Meanwhile, Back at the Drama Club…

December 16, 2011 | By Adrianne Fielding | Post a Comment

So, Cinderella may to make it home before the clock strikes midnight and her carriage turns into a pumpkin, but it remains to be seen whether she’ll manage to do so without leaving something behind. Substitute Congress for Cinderella and that’s about where things stand at the moment.

With mere hours to spare, Congress is close to checking one of the elusive items off its year-end to-do list: an appropriations package. Congressional negotiators have agreed to a federal spending package for fiscal year 2012 (which began back on Oct. 1).  The House just passed the final bill a few minutes ago, although it may take through the weekend to get it formally passed in both chambers.

(Maybe I’m too tough-love, but I don’t have much sympathy upon hearing how exhausted the members of Congress are, how eager they are to head home for the holidays and all the self-congratulation about finally coming up with the rest of the appropriations for FY 2012 – months late, after multiple CRs, and right before the latest one was about to expire.)

Congress may have to pass a short-term continuing resolution to keep the federal government running through the weekend (since the current CR expires at midnight tonight) to buy time for the final bill to work its way through the voting process.

We’ll be digging deeply into that to identify what it’ll mean for specific grant programs, but with that plotline nearly resolved, Congress is retrenching on the other major front in its year-end policy battle: the upcoming expiration of payroll tax cuts. This morning, House Speaker John Boehner (R-Ohio) stated that the House will not back a bill to extend the payroll tax holiday unless it includes language to restart a controversial oil pipeline.

In addition to any other concerns it may have about the project, the White House maintains that it has not gone through the necessary environmental reviews, and President Obama has repeatedly threatened to wield his veto pen on any bill that greenlights the Keystone XL pipeline.

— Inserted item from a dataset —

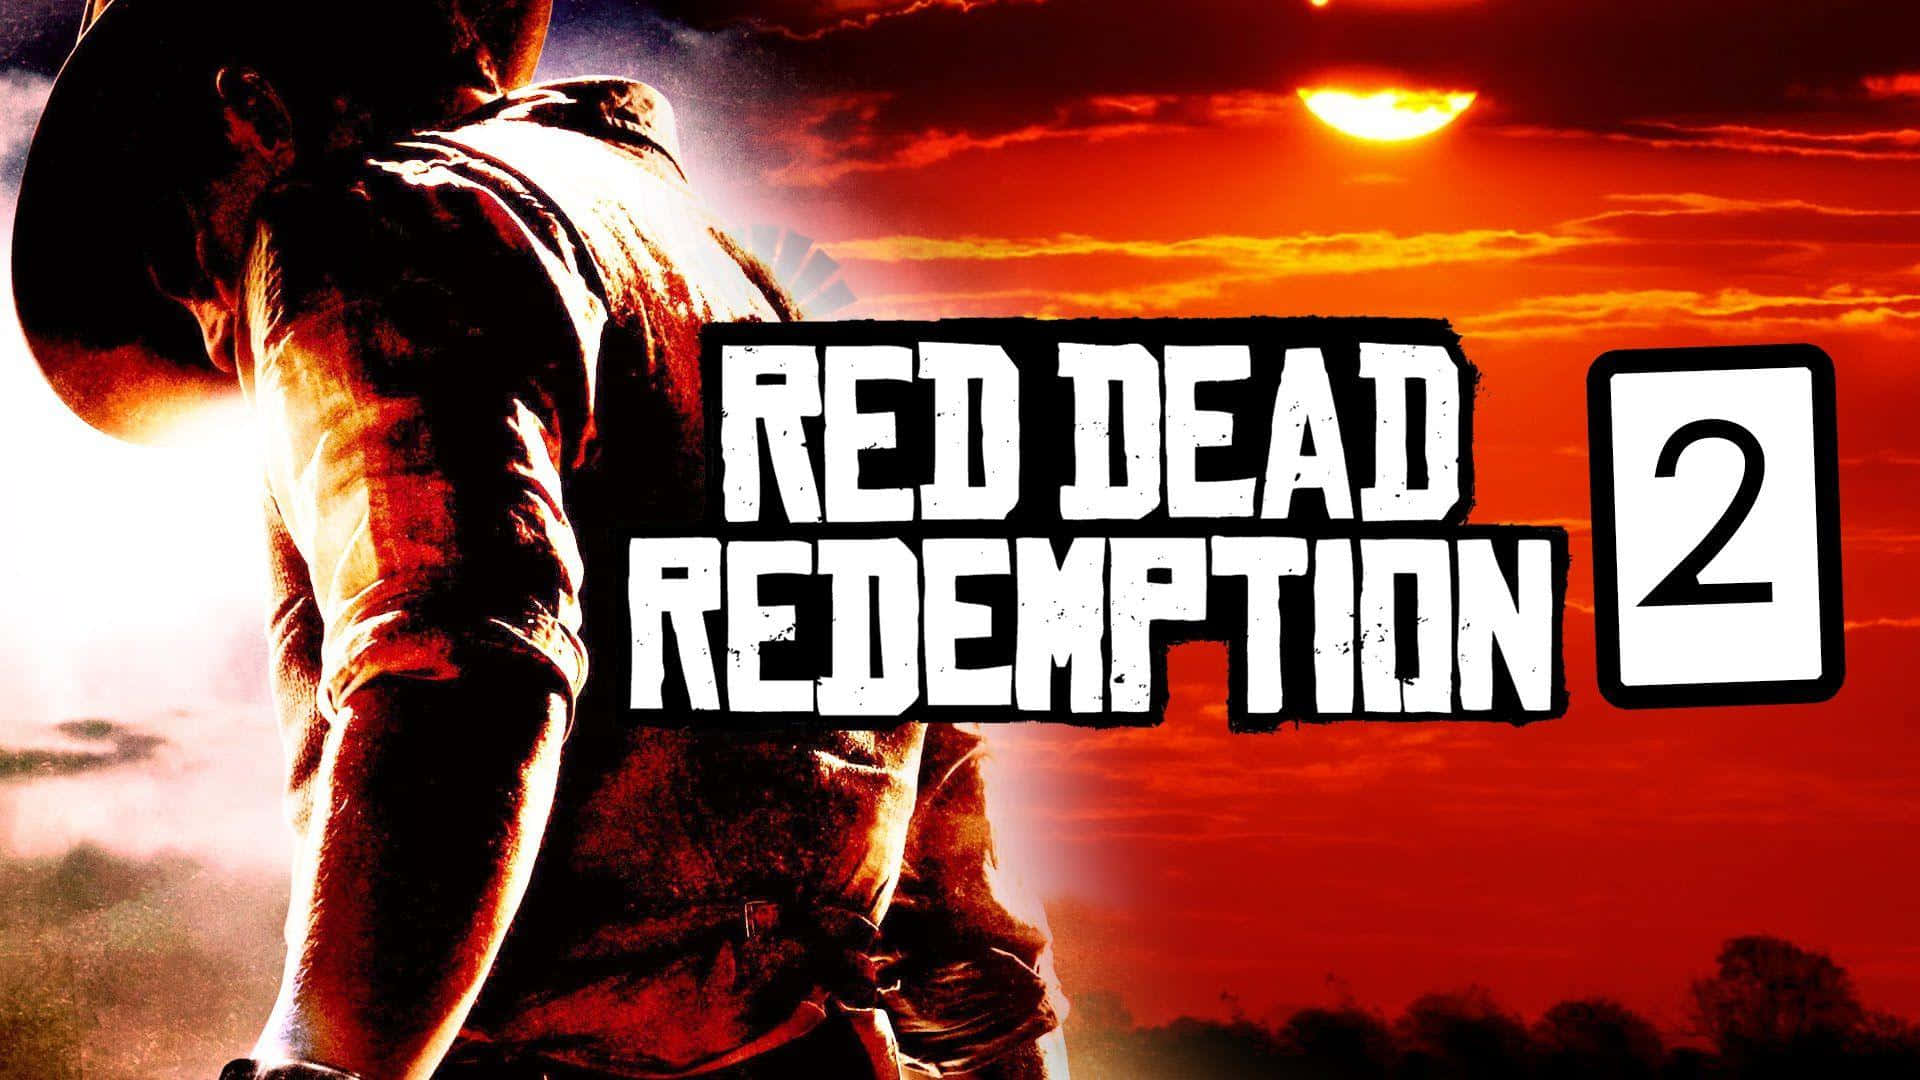 Utforskavilda Västern I Red Dead Redemption 2 I Full Hd Som Bakgrundsbild På Din Dator Eller Mobil. Wallpaper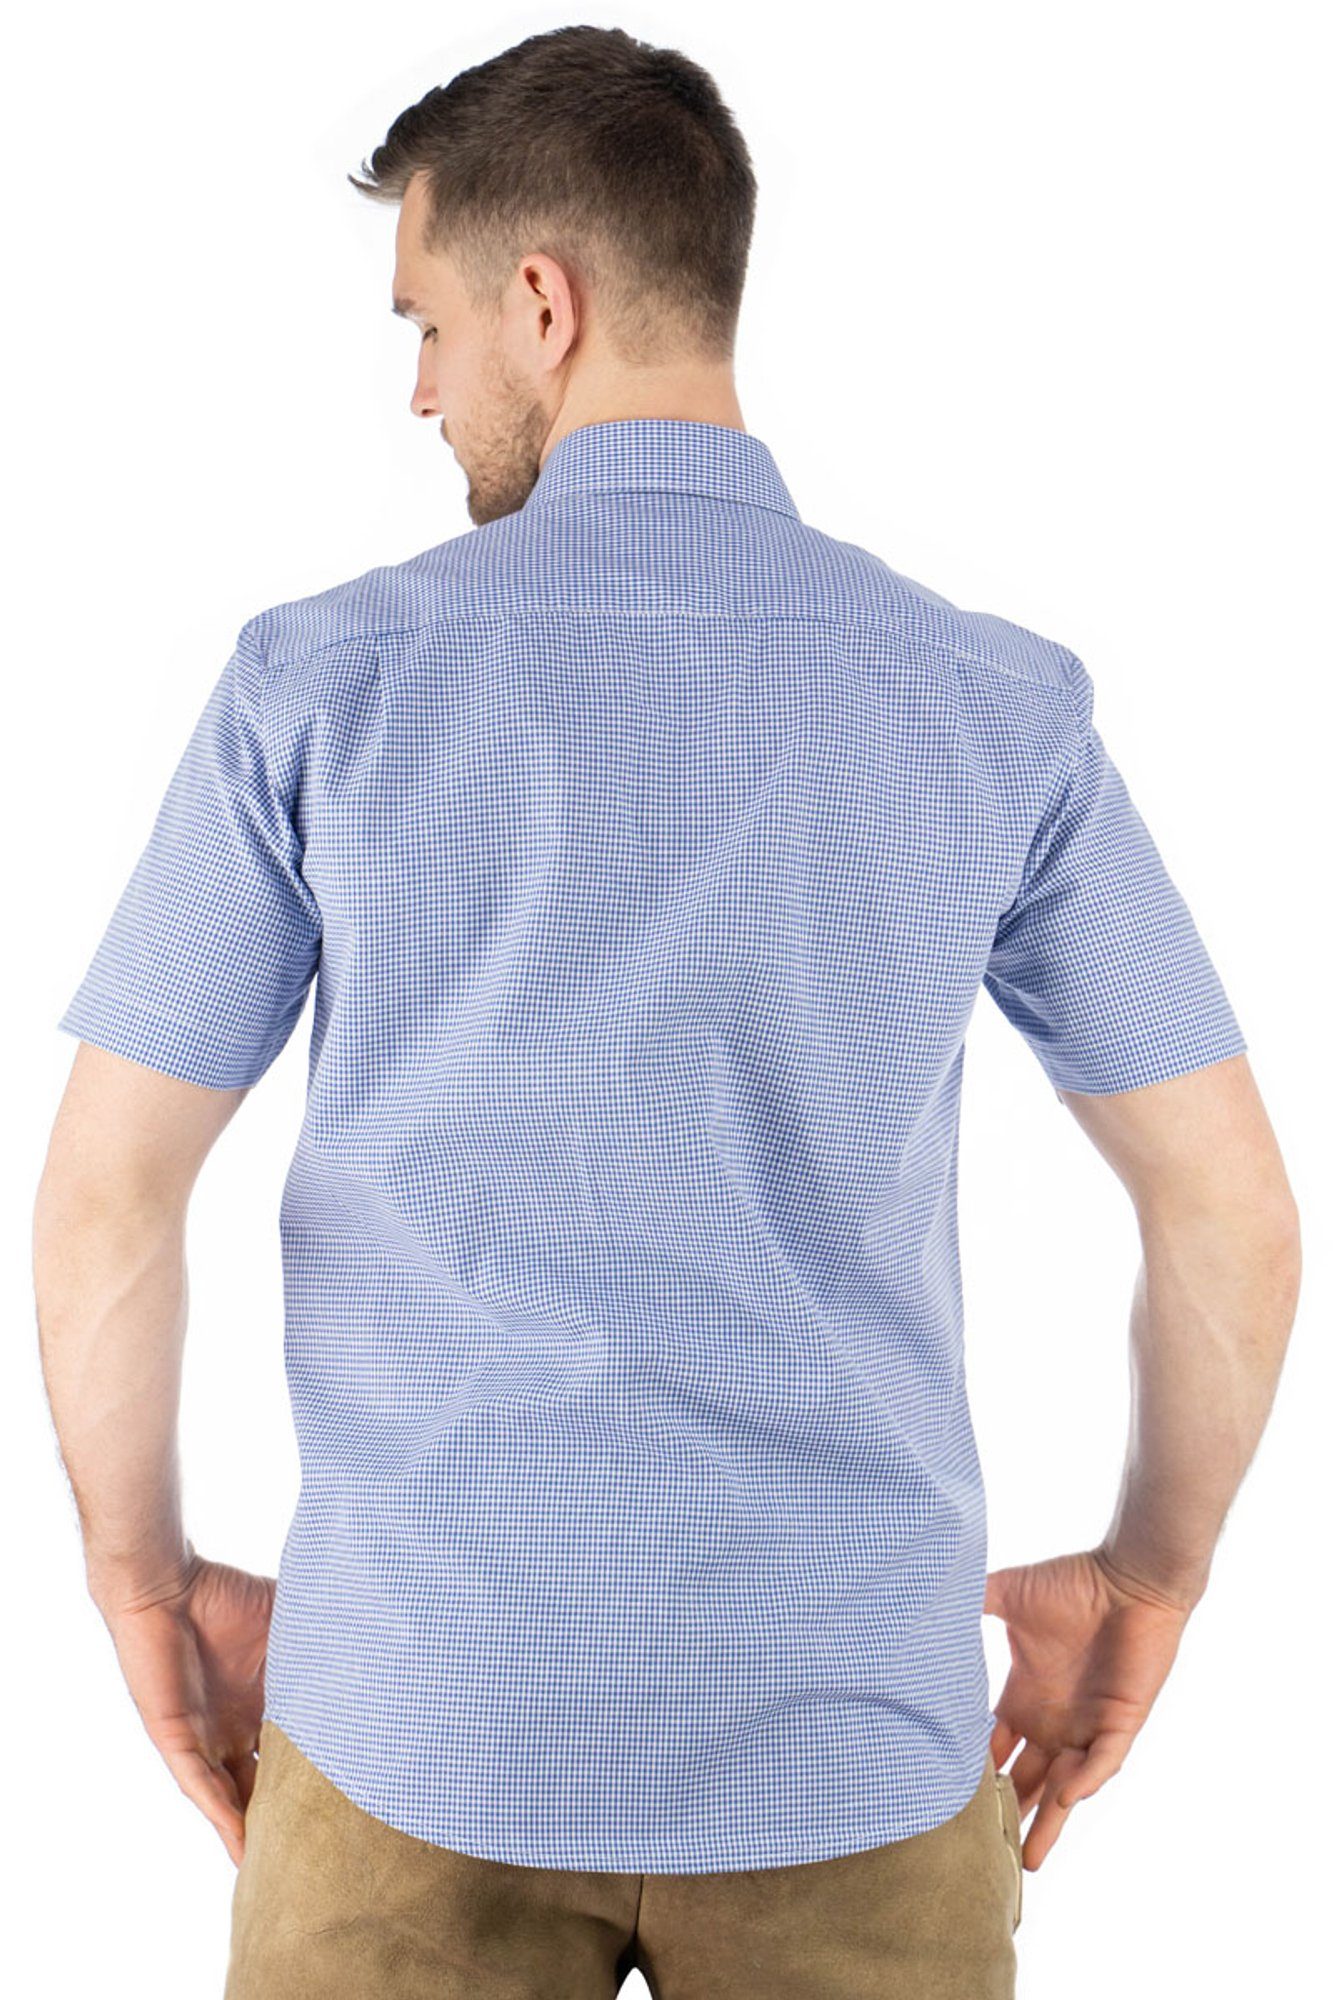 der Weonys Trachtenhemd Knopfleiste OS-Trachten Edelweiß-Stickerei mit auf Paspeltasche, mittelblau Kurzarmhemd

While the appropriations package was largely a matter of Congress fighting internally, this fight pits Congress more directly against the White House. Who’s going to cry uncle first? Will the members of Congress head back to their home districts for the holiday break having left the glass slipper of payroll tax cuts back in Washington? Keep an eye on the comments below this post for updates.

Earlier this week, Senator Dean Heller (R-Nev.) and Representative Jim Cooper (D-Tenn.) introduced a bill (S 1981, HR 3643) to suspend congressional salaries at the beginning of each fiscal year until both chambers have agreed on its budget resolution and passed appropriation bills. The legislation is similar to a bill that was introduced by Heller (S 1442) back in July and died in committee.

Any takers?

(Photo credit: channah/stock.xchng)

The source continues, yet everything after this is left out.